Пробираясь по дому, я поражаюсь царящей в нем тишине. Обычно вокруг всегда кто-то шныряет. По коридорам постоянно разносится шум — негромкое бормотание вездесущих охранников, горничные пылесосят несуществующую пыль. Сам Альберто, выкрикивающий требования пугливым официантам. Но этим утром спокойствие подобно глотку свежего воздуха.

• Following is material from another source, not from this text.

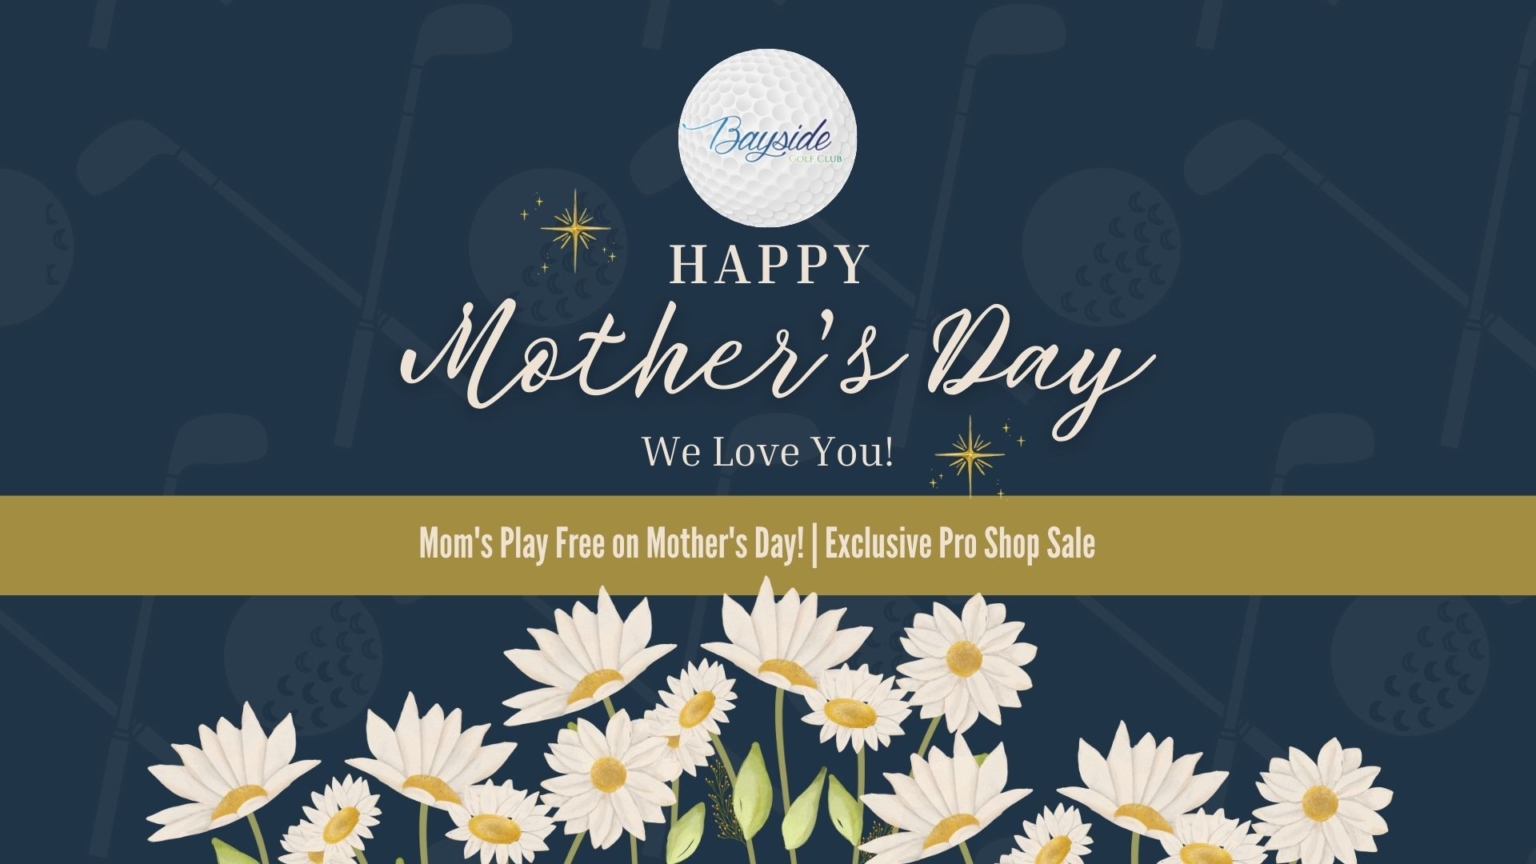 Mother's Day at Bayside! - Bayside Golf Club

Я почти сожалею о своем импульсивном решении в тот момент, когда выхожу из дверей патио и мои босые ноги погружаются в песок. Здесь холодно. Ледяной холод обжигает мои щеки, пробирается в рукава и за воротник. Но я заставляю себя не обращать внимания на стук своих зубов и тихий голосок в моей голове, говорящий мне заползти обратно в тепло дома.
Там для меня нет утешения.
Вместо этого я срываю с себя спортивные штаны, как пластырь, и бреду навстречу волнам. Приближаясь к береговой линии, я перехожу на бег, потому что знаю, что если сбавлю скорость, то остановлюсь, а если остановлюсь, то никогда не смогу погасить жар, разливающийся по моим венам.
Я задыхаюсь, когда вода достигает моих лодыжек. Чертовски близко к удушью, когда он прижимается к моей груди, образуя ледяной коготь вокруг моих легких и не давая мне делать ничего, кроме коротких, затрудненных вдохов. Это обжигает мою кожу, как обморожение, но я продолжаю идти, пока полностью не погружаюсь в воду и не борюсь с течением длинными, сильными гребками.
Именно мама научила меня плавать. Годы спустя она сказала, что ей было так горько, что моему отцу пришлось учить меня всему остальному — кататься на велосипеде, разводить огонь, строить укрытие из выброшенных дров, и она тоже хотела передать этот навык мне. Она отвела меня к озеру возле нашего домика, усадила в лодку и вывезла на середину воды. Прыгай, сказала она, прежде чем сложить руки на груди и выжидающе уставиться на меня.